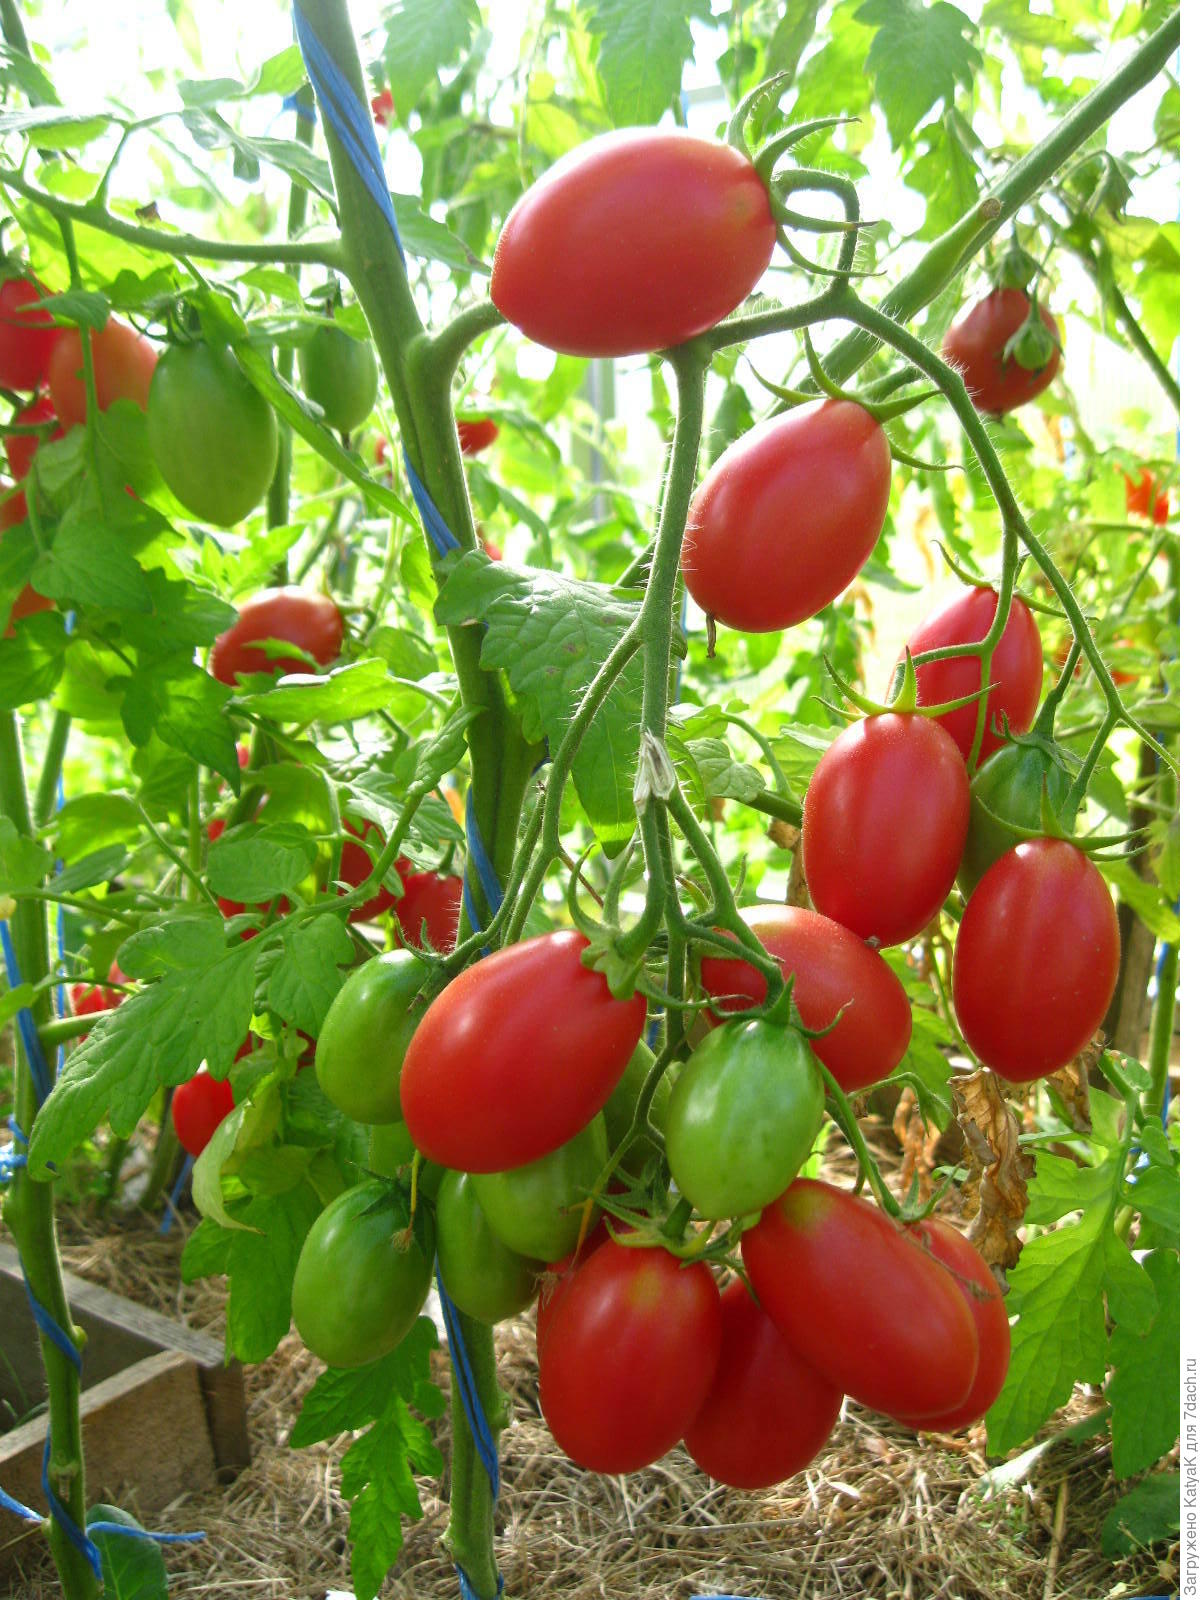 местом для томат чио чио сан отзывы фото кто сажал можете снимать
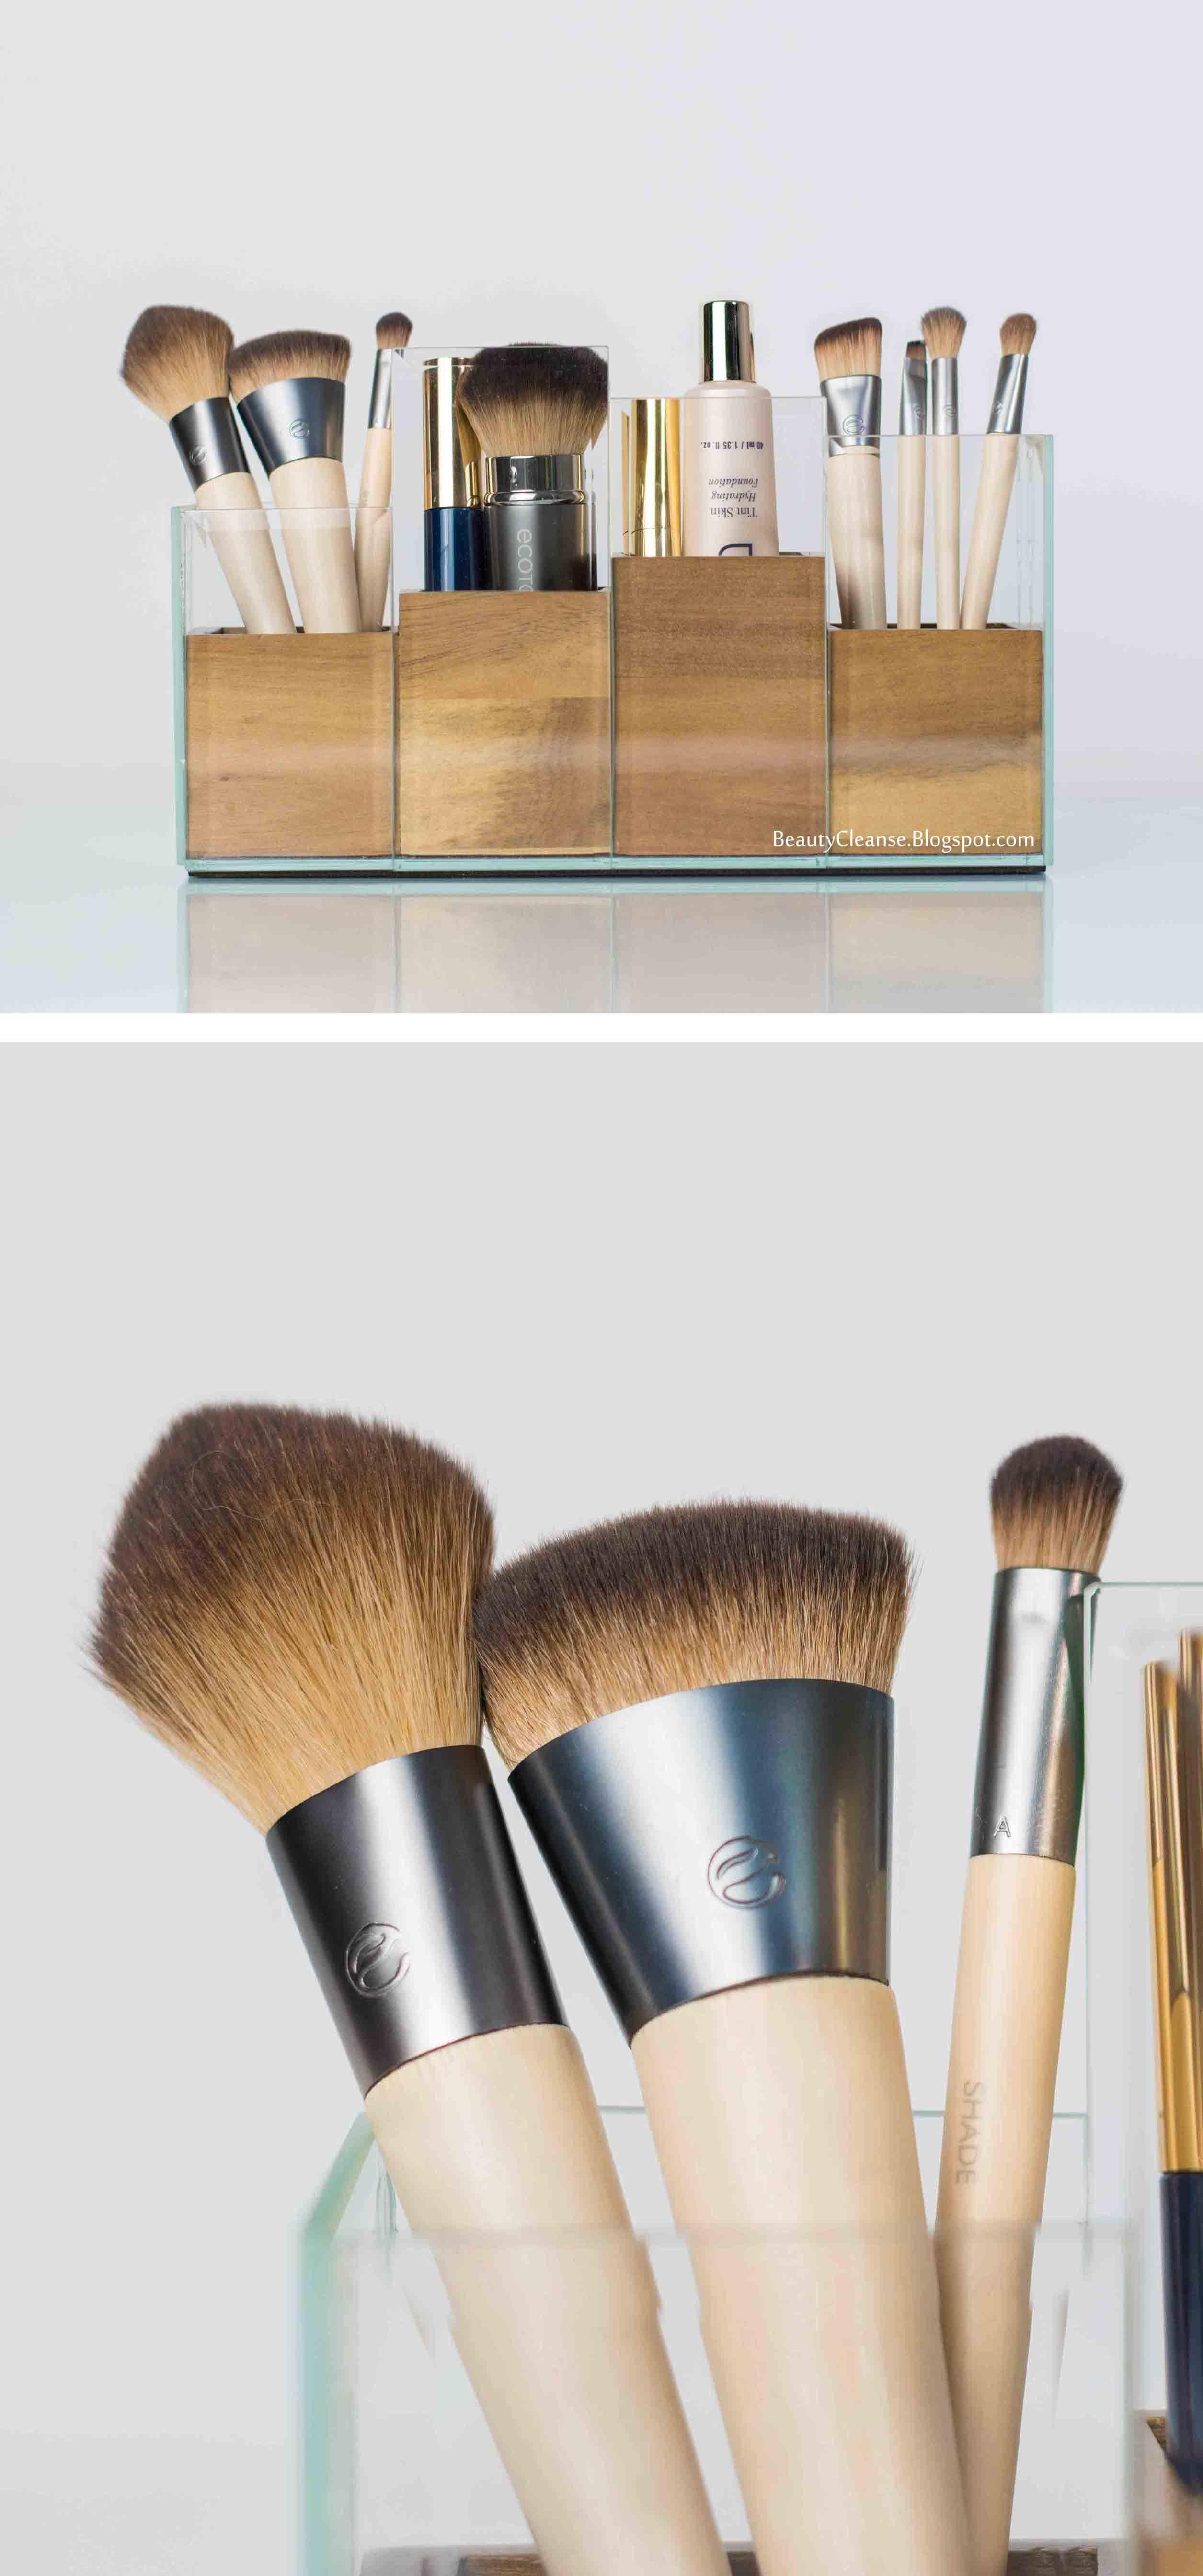 EcoTools' EnvironmentallyFriendly Makeup Brush Review
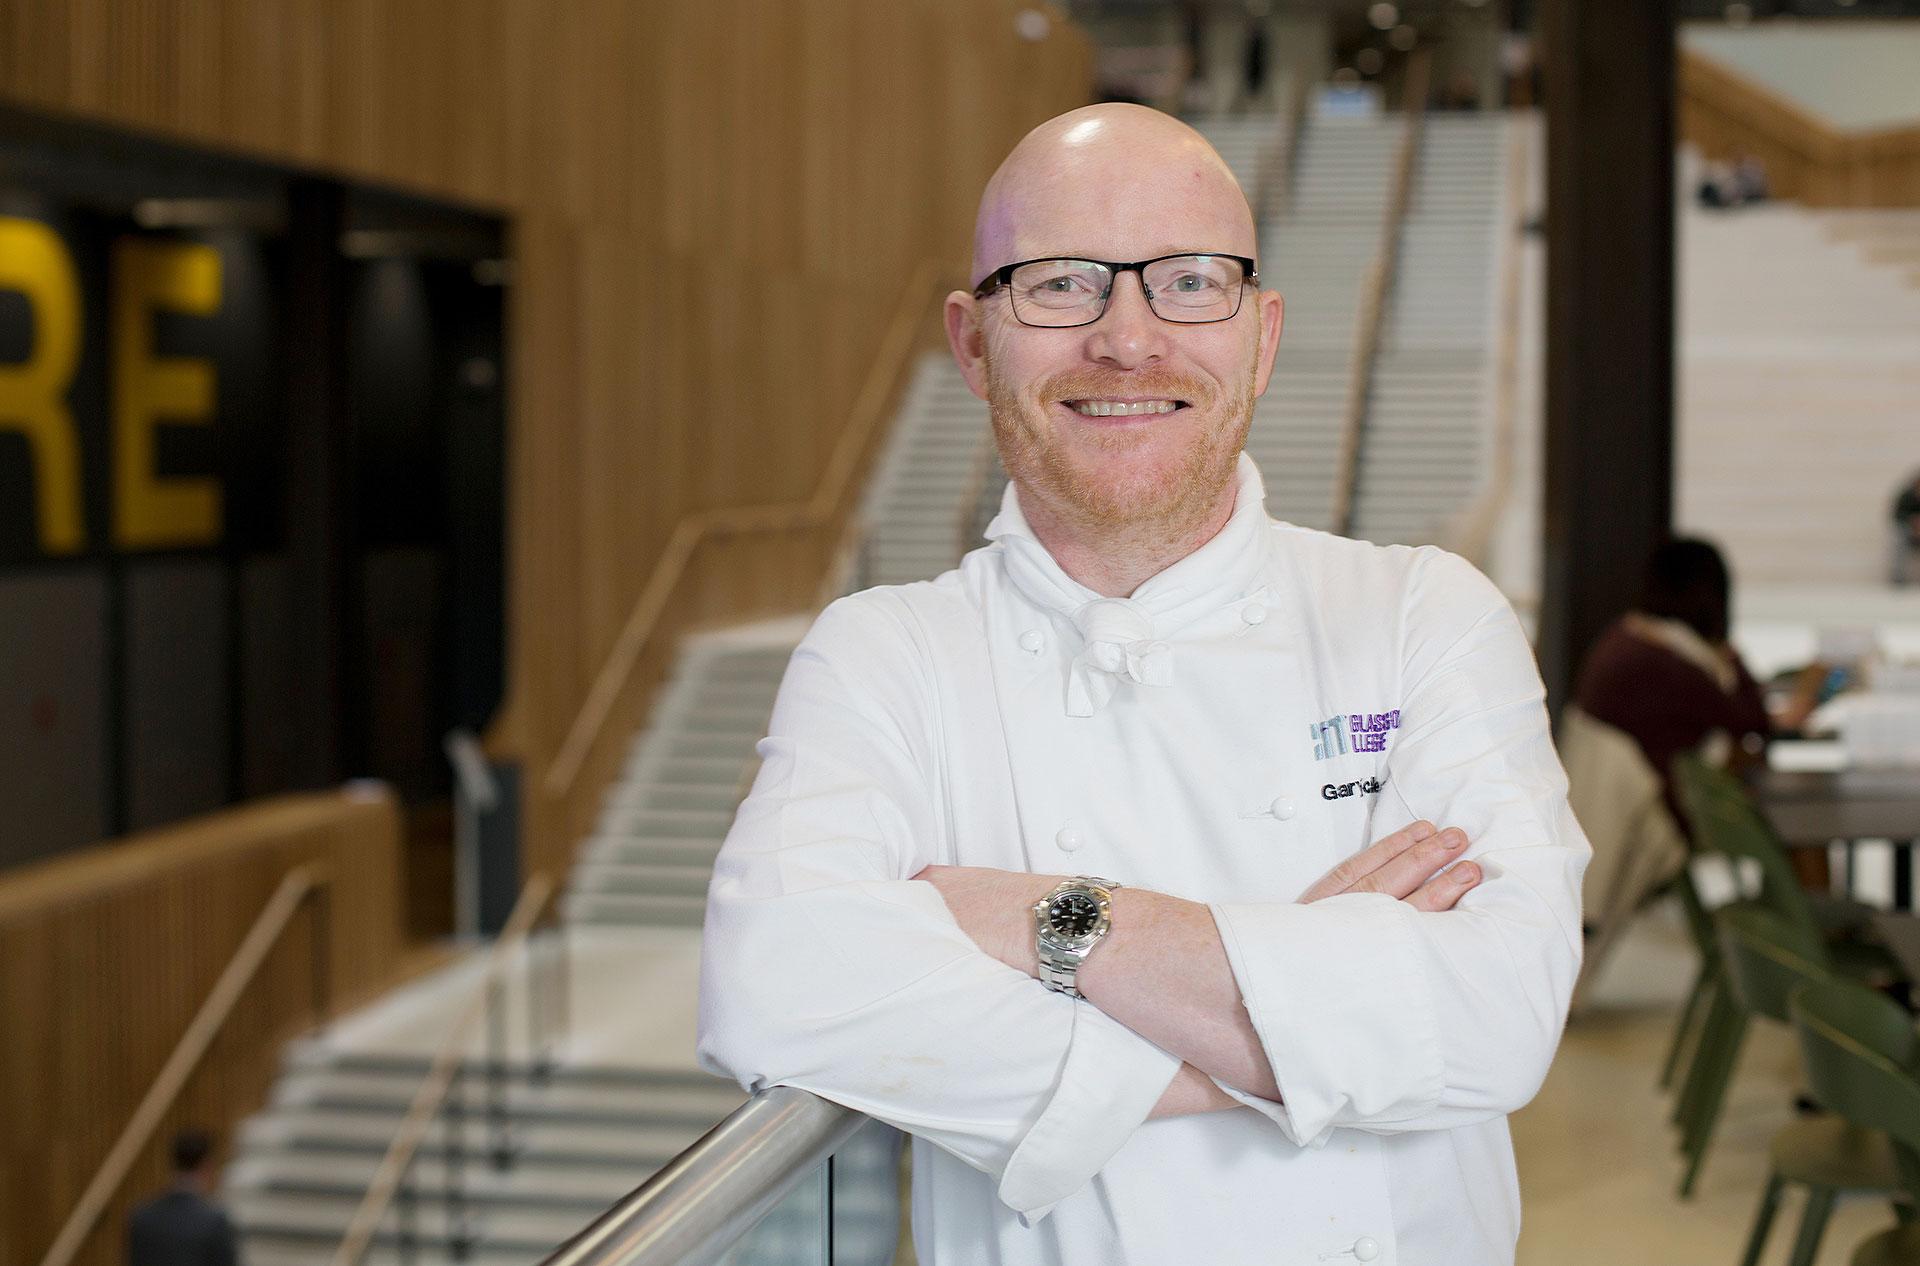 Consultancy - Gary Maclean - Award winning Chef
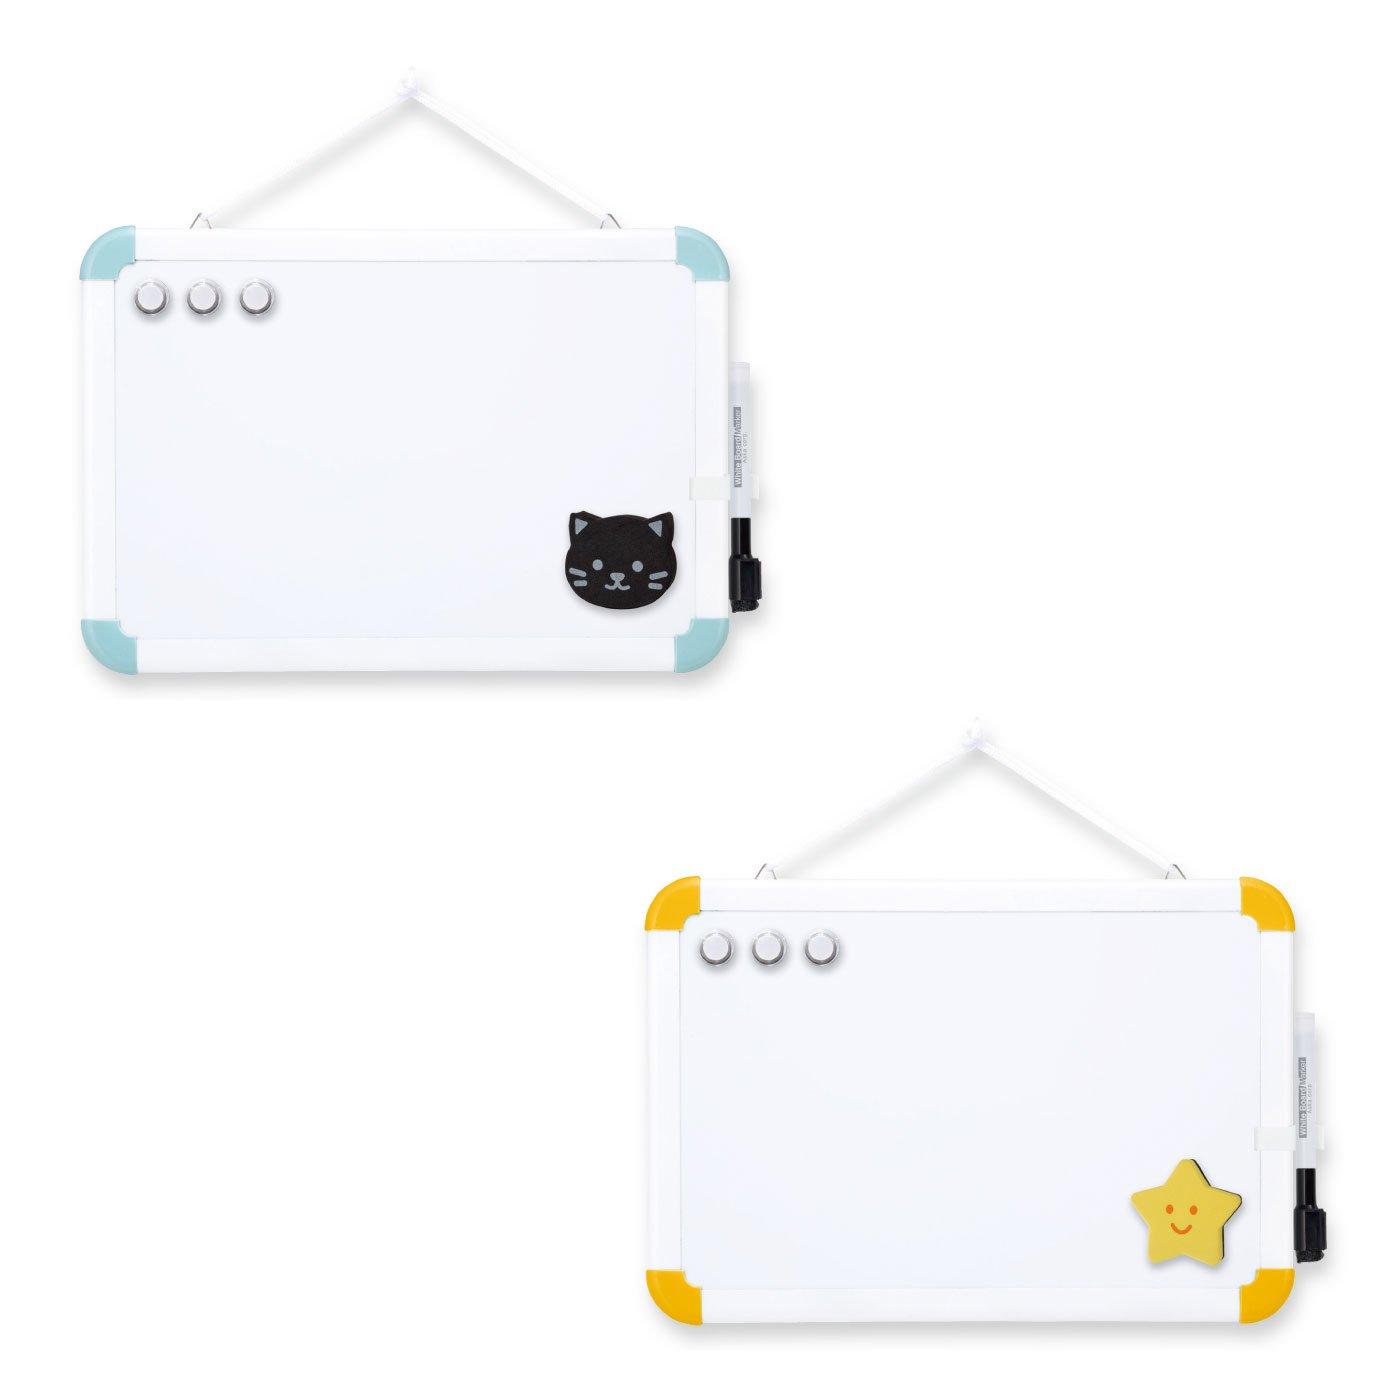 タテ・ヨコOK 磁石も使える金属製ホワイトボード

________________

[INSTRUCTIONS TO FOLLOW]
The data above should be repeated exactly, minus any pictures.

[REPLY TO THE TASK]
 местом для томат чио чио сан отзывы фото кто сажал можете снимать
 EcoTools' EnvironmentallyFriendly Makeup Brush Review
 Consultancy - Gary Maclean - Award winning Chef
 タテ・ヨコOK 磁石も使える金属製ホワイトボード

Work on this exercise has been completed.